São gestos que fazem a diferença
São os gestos que fazem a diferença, em conjunto com a fala. Pode-se falar muito e
dizer pouco. Pode-se dizer muito ao falar pouco, utilizando outros meios para
comunicar-se. O atual papa, Francisco, parece ter este dom: fala relativamente pouco
e diz muito, e mostra com gestos a que veio: ser um papa humilde, simples, de
serviço, especialmente aos pobres. Quem poderia esquecer seu gesto de lavar os pés
de jovens infratores – não na opulenta basílica de São Pedro, mas na prisão. Estes
jovens, inclusive uma jovem muçulmana, nunca vão esquecer disto. Nem nós, que o
acompanhamos de longe. É um forte testemunho do serviço da igreja para fora dela.

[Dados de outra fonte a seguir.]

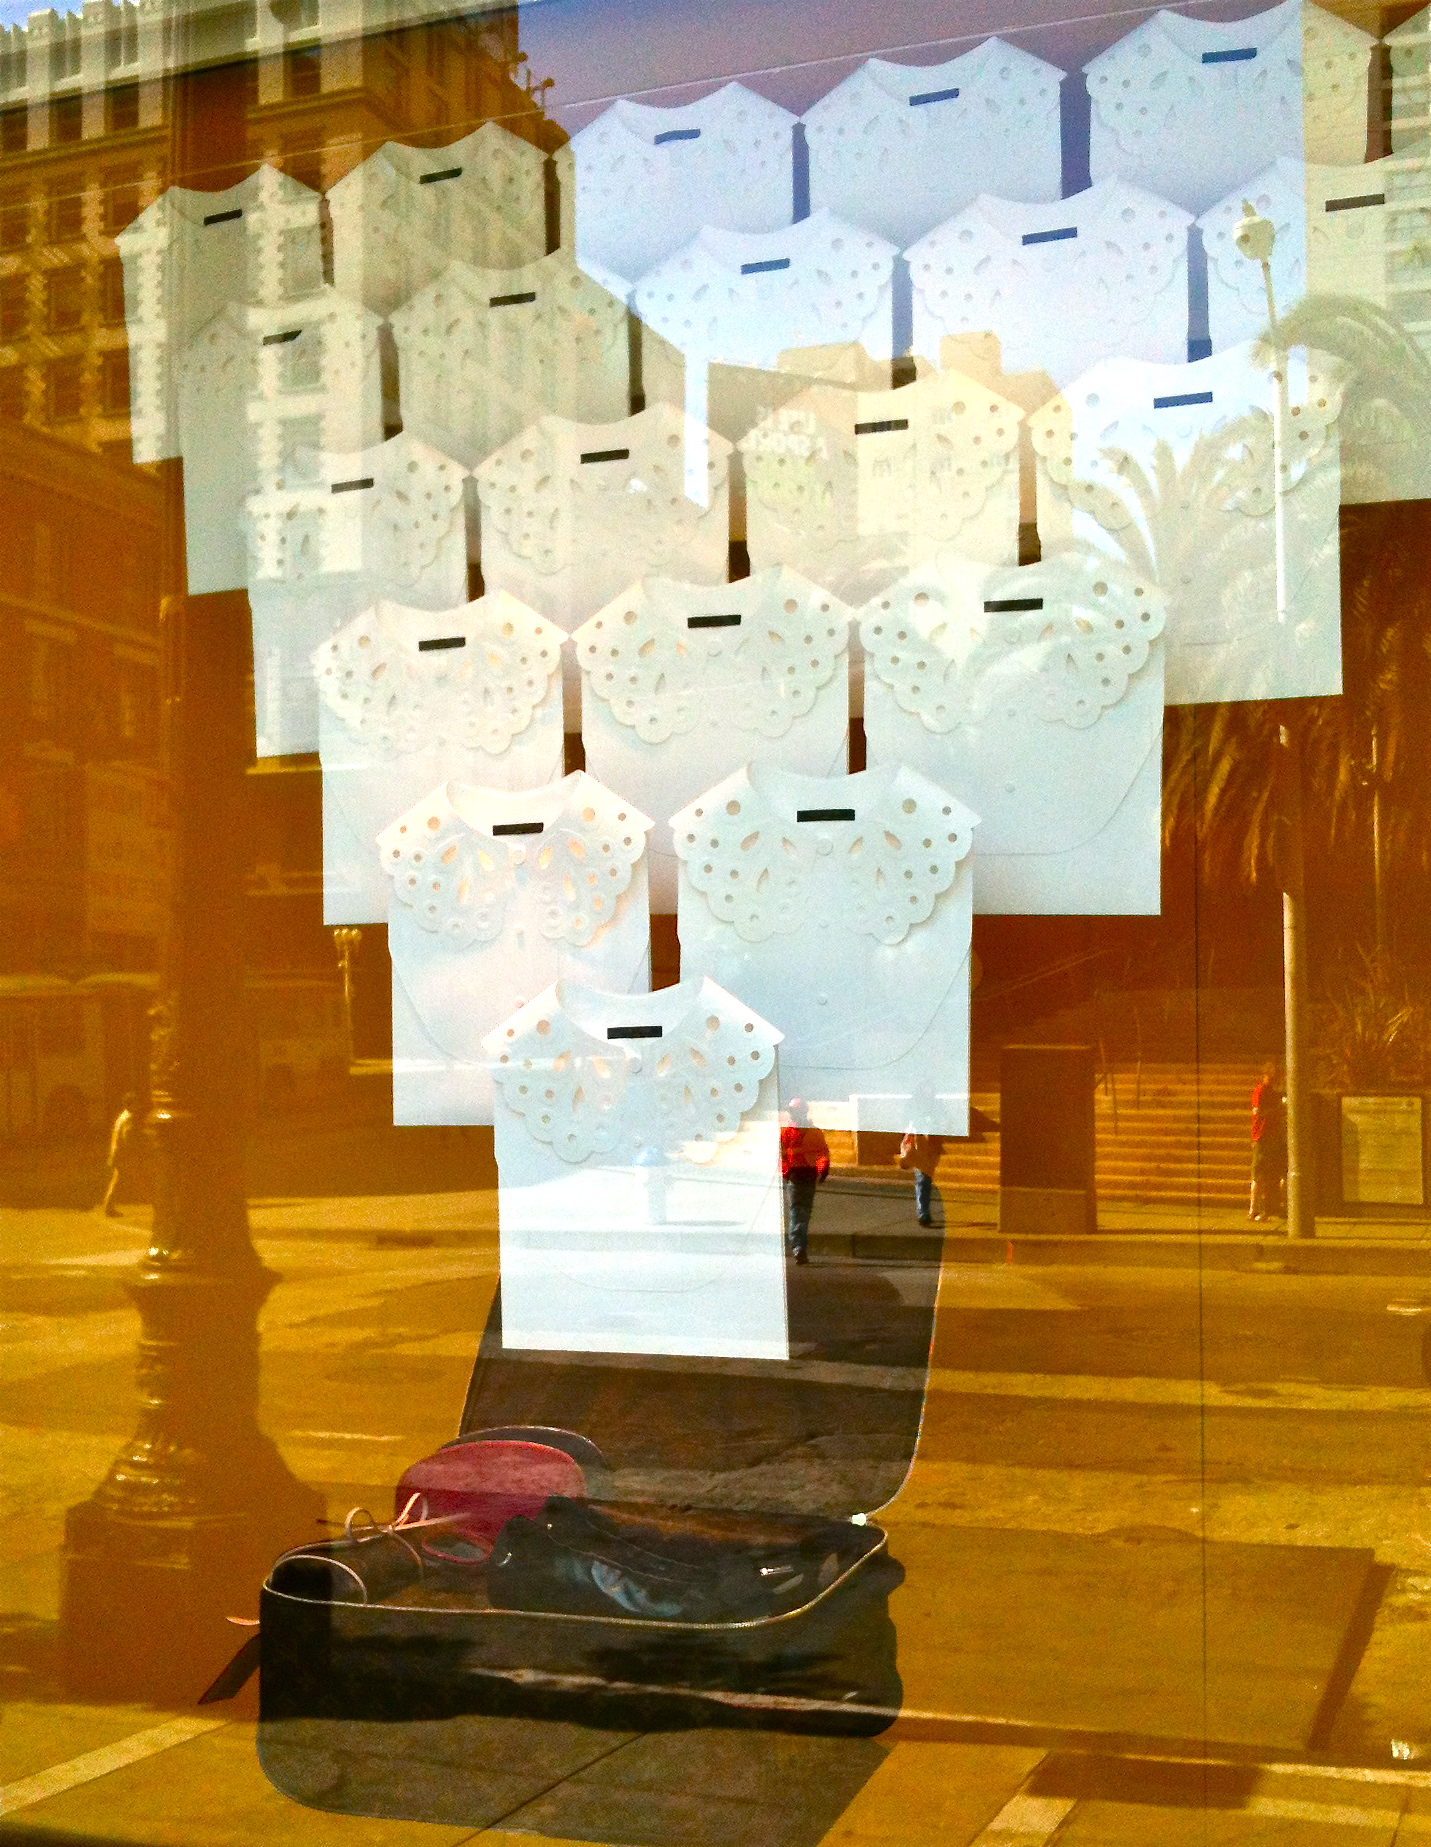 Louis Vuitton Window Display in Macy's- BW, Shot looking do…

Uma igreja não aprisionada em si mesma, mas indo ao encontro dos outros – dos
jovens, das pessoas em atritos, inclusive de outras religiões, sem pedir nada em troca.
Isto é missão. Isto é evangelização, conforme o exemplo do Cristo. Que possa nos
nortear esta rica narrativa nesta semana e além, em nossa caminhada junto ao Cristo.
E a paz de Deus, que excede todo o entendimento, guardará o vosso coração e a
vossa mente em Cristo Jesus. (Fp 4.7) Amém.